Lower Your Expectations
When the CAD user looks at a PDF file in a viewer, (especially if the PDF is crisp) they see objects, intelligent objects. They see dimensions, block inserts, text and more. What they do not realize is that PDF files cannot contain these objects.
A PDF is not a DWG, it is a popular plot file format. The only content in a PDF is images, paths and text. There is not even a circle object in a PDF file, it must be represented as four bezier curves.
Silk Purse from a Sow’s Ear
Here is one example of unreasonable expectations. The evaluator expected high quality linework from a scanned image of this old hand drawn sheet.
After all, if a product is converting to a drawing, it must be able to perform magic in the process right? The process of converting an image to vectors is called vectorization. There are numerous vectorization products costing up to thousands of dollars and absolutely none of them can create usable geometry from sources like this.
Your Scans for CAD … Skip PDF
If you are scanning for inclusion in CAD applications, skip the PDF format and go straight to a raster file in TIFF or PNG format (whichever is smaller). The CAD engine can handle the image much better as an image file, rather than bundling it inside a PDF. If your recipients don’t have CAD, then scanning to PDF makes sense, otherwise it doesn’t.
Images Not Linework: What appears as linework in a PDF may be a raster image. During import or conversion they typically remain as raster images, they are not vectorized. If your PDF came from a scanner, you have an image! Sometimes high resolution scans look like vectors but they are not. To check for yourself, open the PDF in Adobe’s free viewer and zoom to 800%+ to see the rough edges confirming an image.

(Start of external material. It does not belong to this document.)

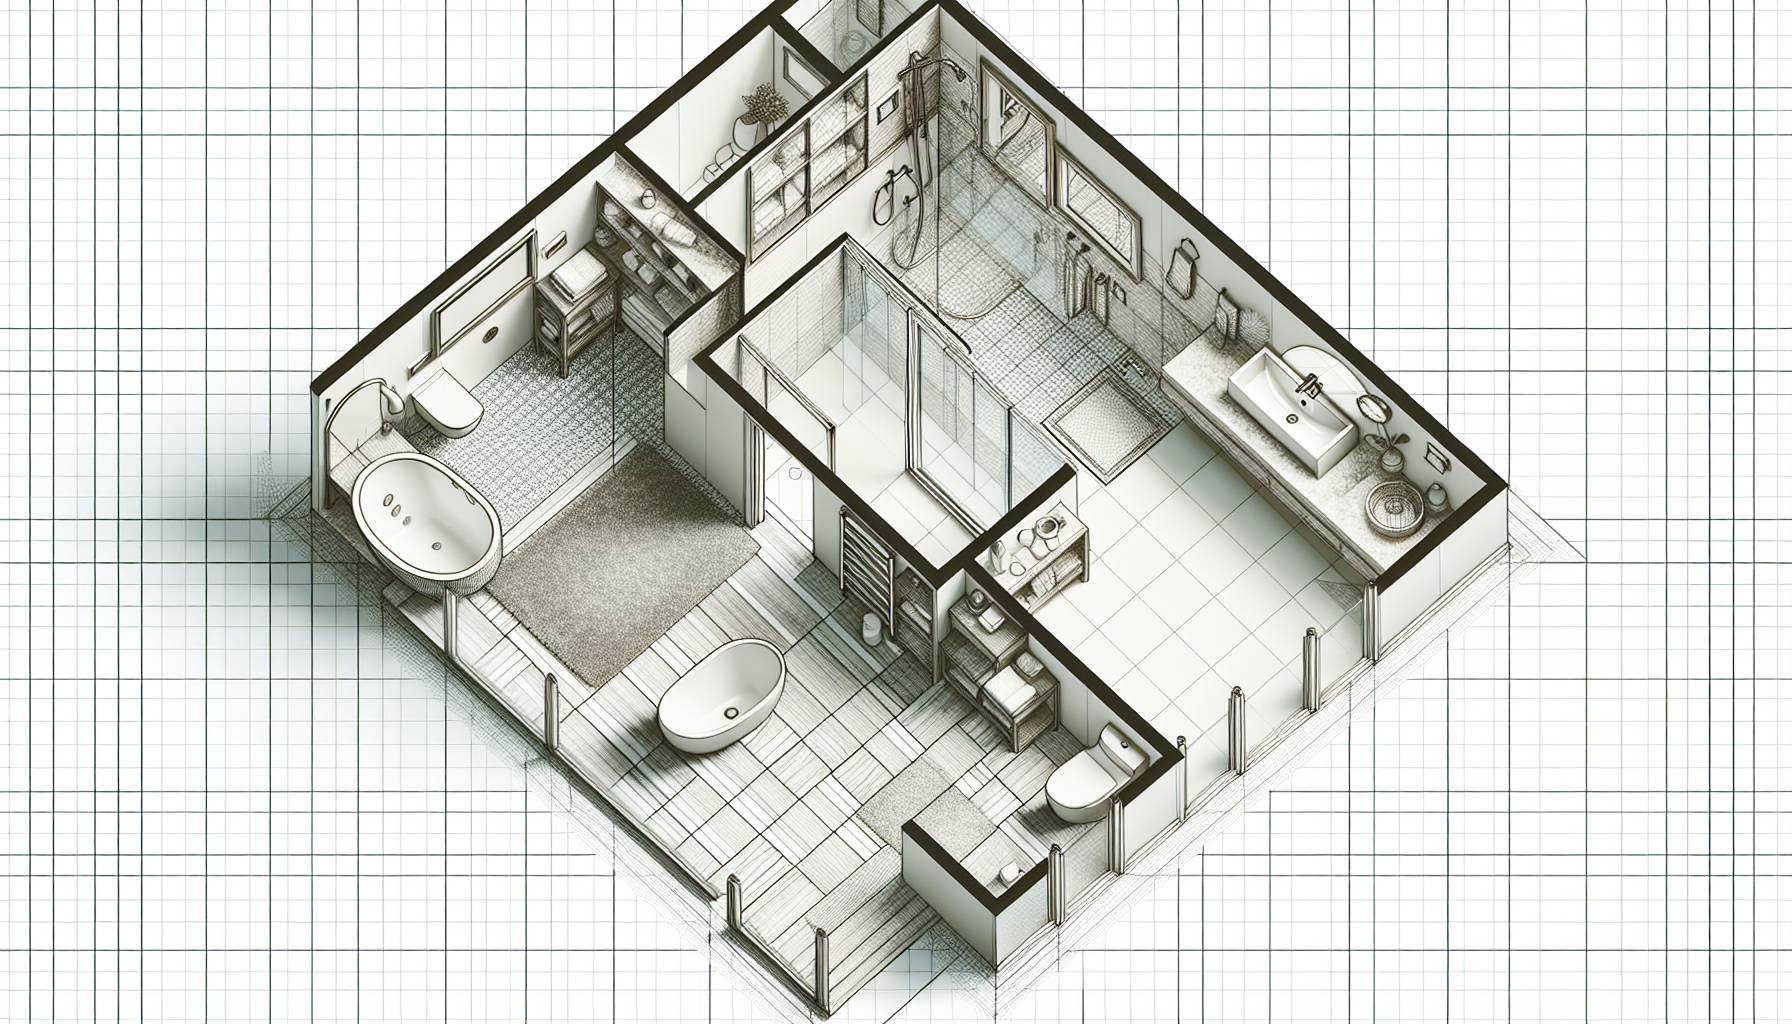 Grundrissplan eines Badezimmers mit geplanten Elementen wie Dusche, Badewanne, Toilette und Waschbecken

Vectors Not Text: What appears as text in a PDF may be vectors or filled paths. During import they will remain as such, they are not converted to text objects. For example, two crossing lines may look like the letter X, but that doesn’t make it so. To check for yourself, open the PDF in the Adobe free viewer and use the find tool on what appears to be text. If the viewer highlights it, there is a good chance you will get mtext objects. Even CAD engines will output vectors when certain fonts (like ROMANS) are used.
The precision from the original drawing is lost forever. Even if the PDF contains vectors, the coordinates have been scaled to page coordinates and a lot of precision has been lost. Don’t ever consider designing anything important from the contents of a PDF. If you design a building based on the contents of a PDF, let us know so we can be sure to never get near it.
PDF File Sizes
The PDF file size mostly depends on the content of the PDF, here are some contributing problems.
Overscanned Images: It seems scanner manufacturers are in a race to see who can produce the highest dpi scan resolution. If the source document has crisp linework then 300 dpi might be justified, but more than that is overkill and only results in a larger file that takes longer to email and process, especially displaying it your drawing.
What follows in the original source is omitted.